Adding a protection-board to a non-protected cell ?

Have any one tried removing a protection board from a dead, weak, or cheap LiIon cell, and transplanted it to a good non-protected cell ?
I have 2 really crappy red Crapfire cells that has a ridiculous high internal resistance, ( drops from 4.12 volts to 3.7 volts in a couple weeks) and they tested at a lethargic 560mah and 610mah each, but the protection circuits actually work. (cuts off the voltage at around 2.5 volts when discharging in a light that don;t have low-voltage protection.)
I was going to toss the cells to the recycle bin at the local HomeDepot, but wondered if the protection bases and side-strips could be salvaged and transplanted on laptop pulls, then re-wrapped.

I have never done it, but assuming you can solder to the unprotected cell, I don’t see why this wouldn’t work…

I’ve done it with the protection circuits fasttech sells. The hardest part was getting the solder connections clean and compact enough to still fit in a light.
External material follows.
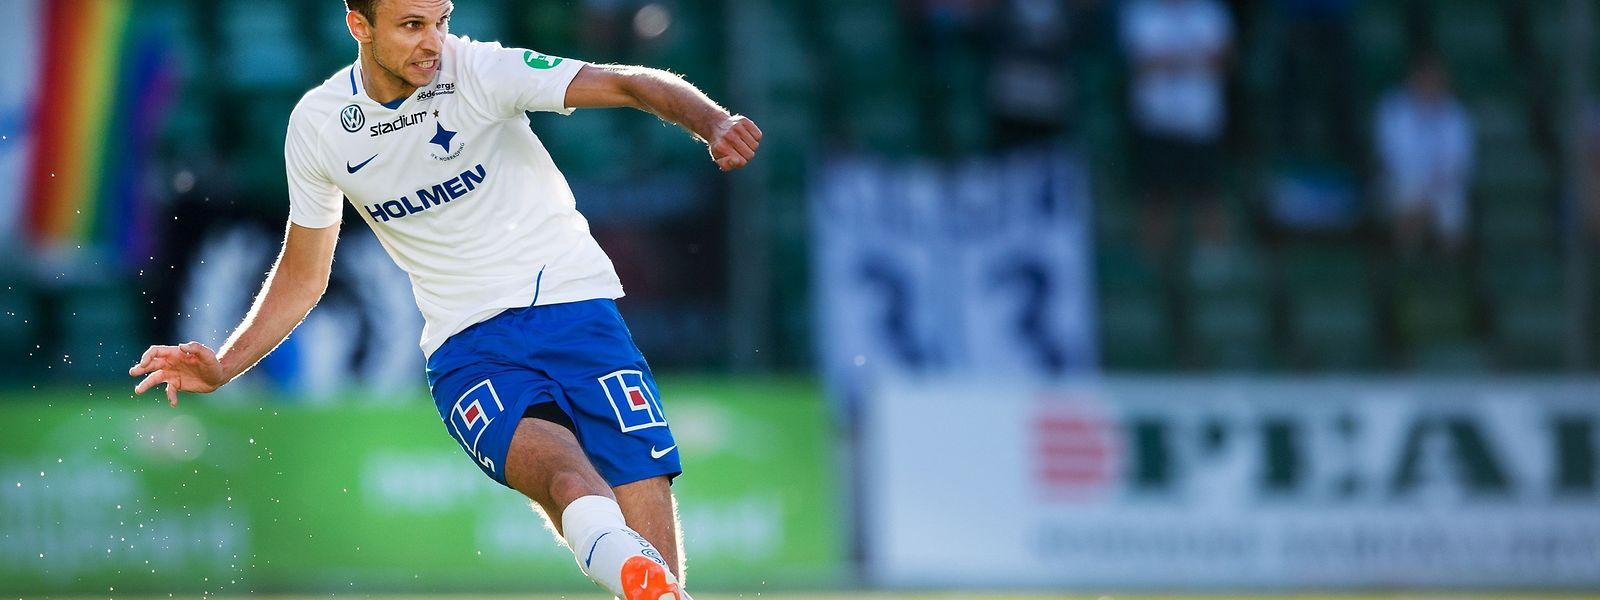 Lars Gerson a disputé le choc de la 2e journée du championnat de Suède avec l'IFK Norrköping face à l'AIK Stockholm
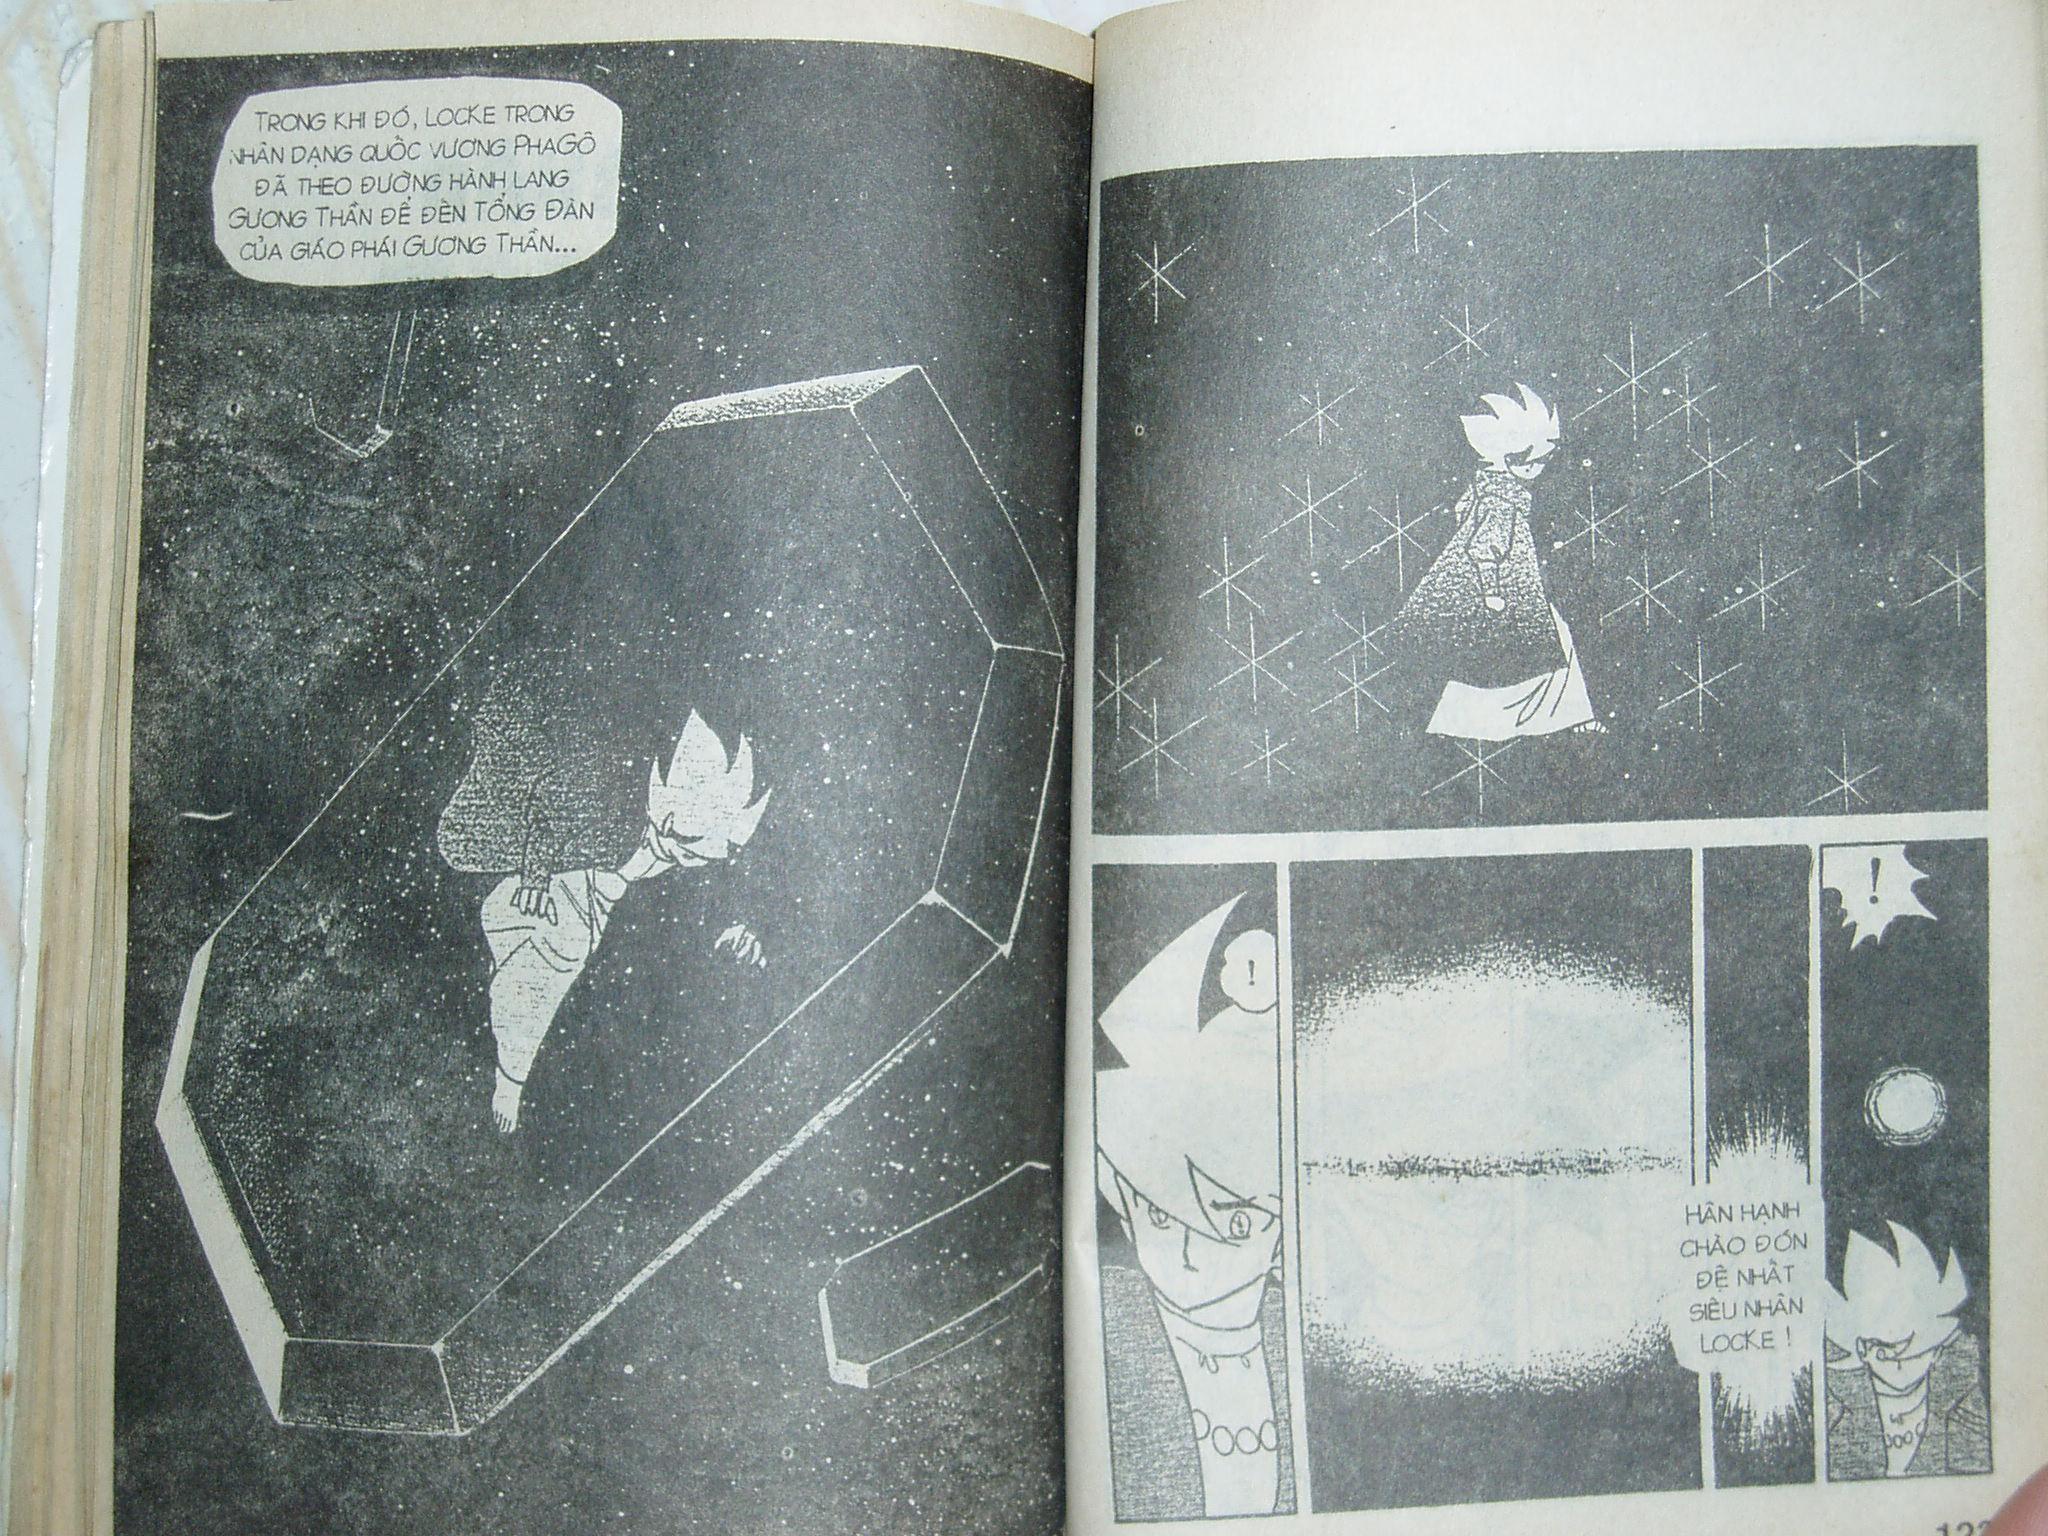 Siêu nhân Locke vol 17 trang 59

I wonder if solder paste might help with that? No experience, just spit-balling.

You can also get seiko protection pcbs on aliexpress.

I am looking for the button top of 18650’s, as a spare part. Any ideas?

some use small neodymium magnets, i have used just blobs of solder on most of mine.

Remember the legitimate manufacturers will warn you never, ever try to solder to a Li-ion cell, because that heat can damage the thin membrane that separates the reactant chemicals (just as denting it, or dropping it, can do). Once that sort of damage happens you can get crystals slowly growing and eventual “Rapid Unplanned Disassembly”

The right way: have tabs spot-welded on; then you can solder to the tabs.